Alors que la diplomate américaine entamait sa visite dans la capitale ukrainienne, une colonne de manifestants de l'opposition d'environ deux mille personnes a quitté la place de l'Indépendance, le Maïdan, pour se diriger vers le parlement, protégé par des barricades de camions des troupes de sécurité.

Les travaux du Parlement portent actuellement sur la réforme constitutionnelle réclamée par l'opposition pour revenir à la Constitution de 2004 et réduire les pouvoirs présidentiels. Sans s'y opposer frontalement, M. Ianoukovitch propose de rédiger un nouveau texte, ce que l'opposition refuse, jugeant le procédé trop long.

Scandant "Honte au président" ou "Gloire aux patriotes et aux héros du Maïdan", faisant flotter les drapeaux nationaux et ceux des partis d'opposition, les manifestants, dont beaucoup étaient casqués, armés de matraques en bois et munis de boucliers artisanaux, ont défilé en bon ordre devant les forces de l'ordre.

"Nous voulons que Ianoukovitch parte et qu'on change de système", expliquait Igor du parti nationaliste Svoboda.

"L'argent promis (par Moscou) ce n'est pas la Russie qui le donne à l'Ukraine, c'est Poutine qui le donne à Ianoukovitch, ce n'est pas pour nous", ajoute une manifestante quinquagénaire, Maria.
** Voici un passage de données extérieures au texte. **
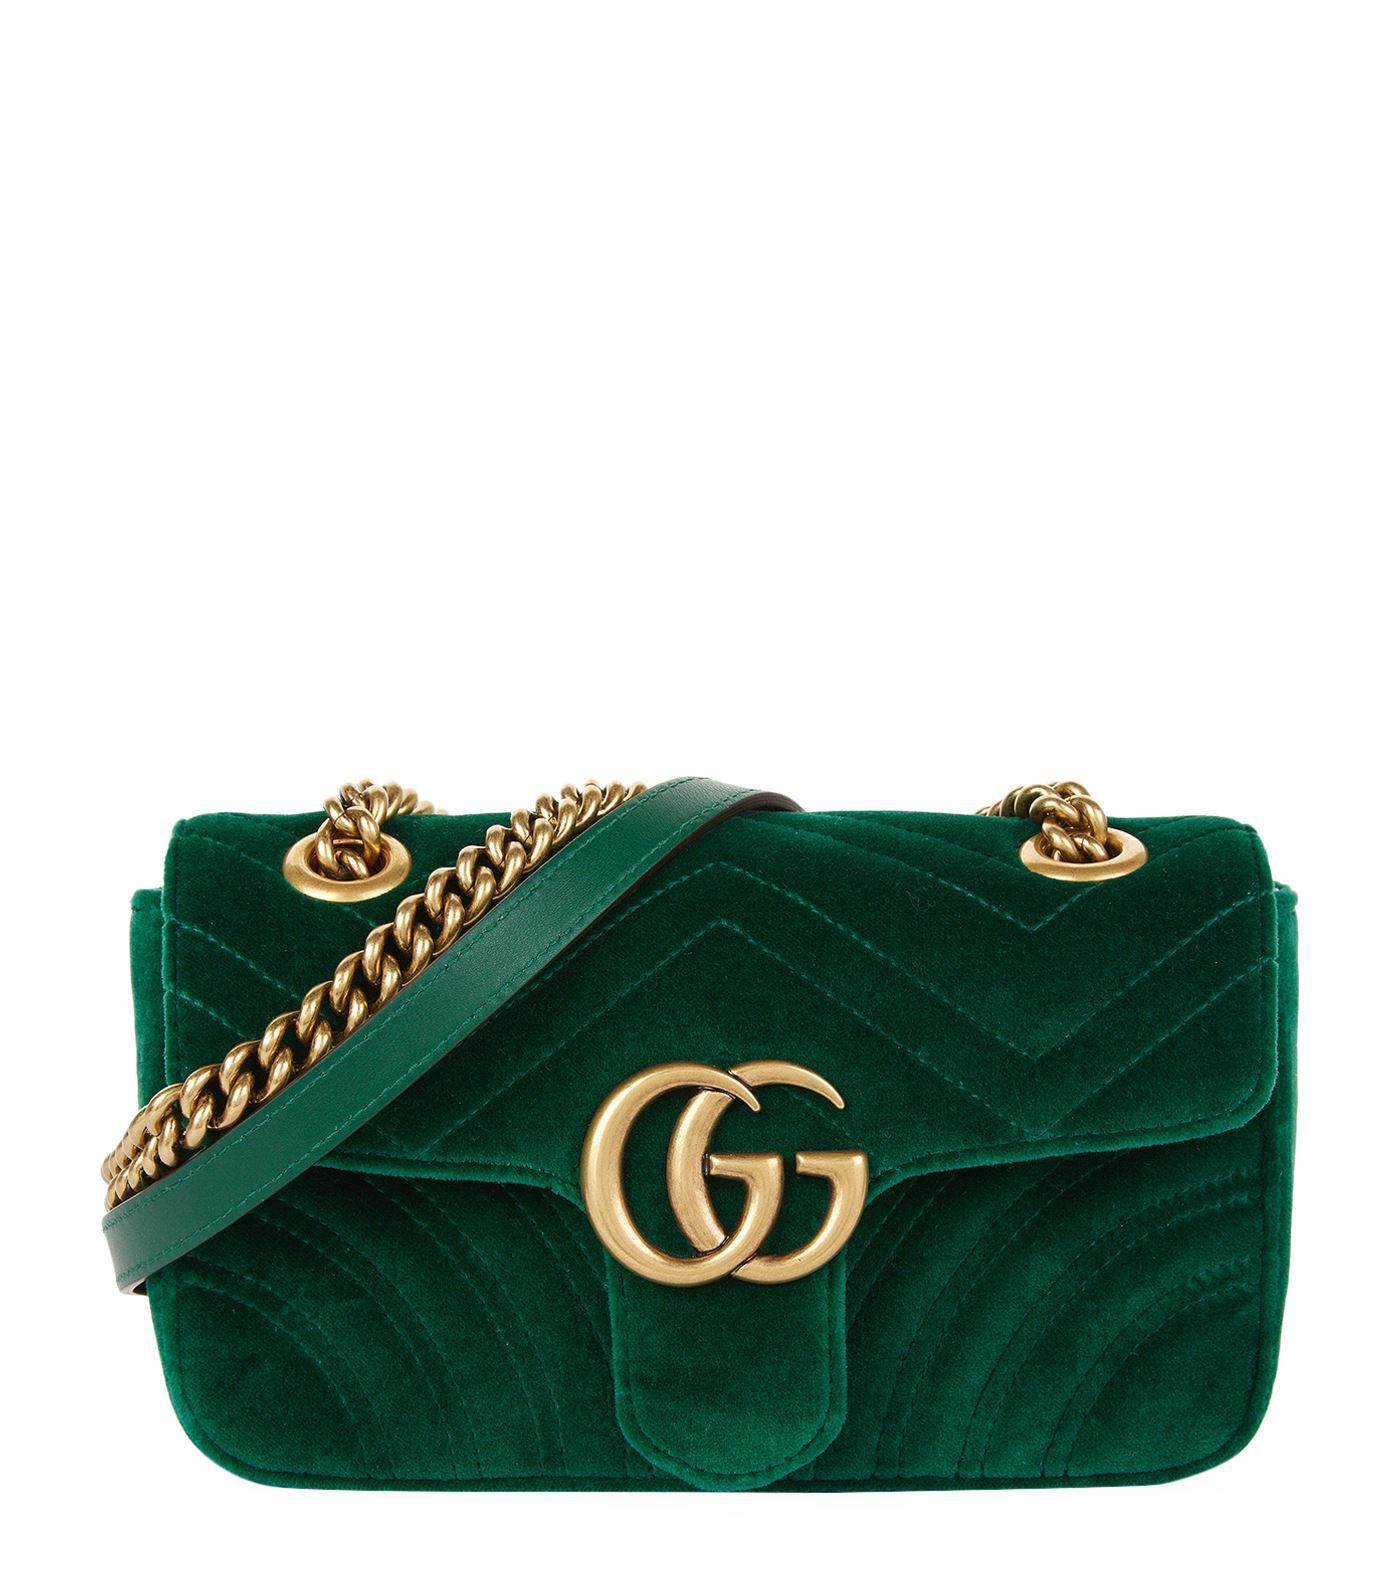 b9ebb29dc1b Gucci Mini Velvet Marmont Shoulder Bag in Green - Save 5% - Lyst
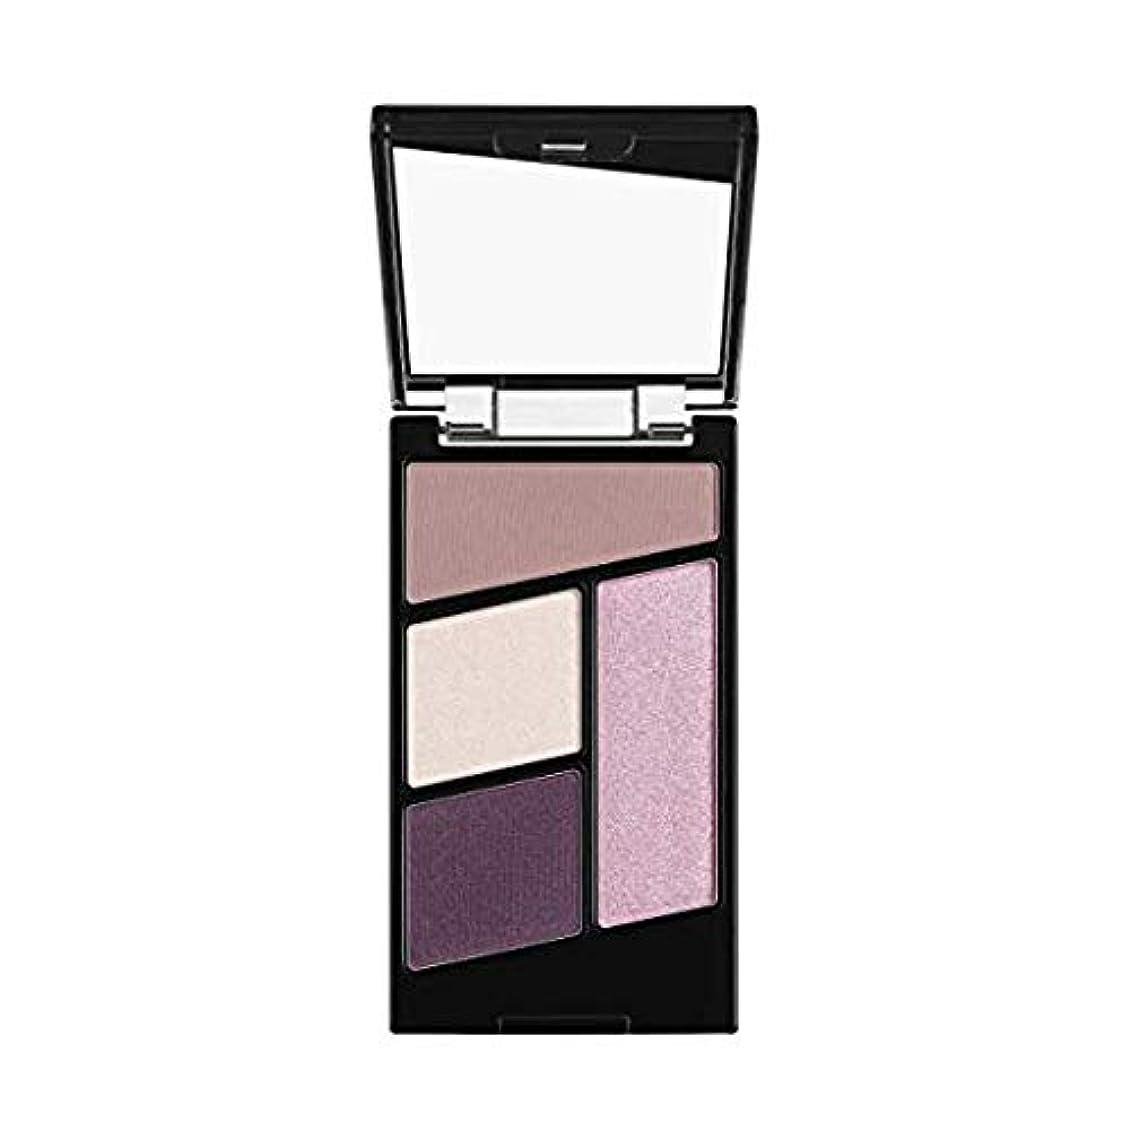 WET N WILD Color Icon Eyeshadow Quad - Petalette (並行輸入品)

Mercredi, Mme Ashton a demandé à l'Ukraine de "faire plus" pour sortir de la crise. Elle a souhaité que "le mouvement s'accélère", après avoir rencontré le président Viktor Ianoukovitch et les principaux dirigeants de l'opposition ukrainienne.

Elle a précisé que l'UE était prête à soutenir les réformes et à contribuer à l'enquête sur les violences du mois dernier. Mais le soutien occidental à l'économie ukrainienne, actuellement à l'étude, ne sera pas une "montagne d'argent", a-t-elle prévenu.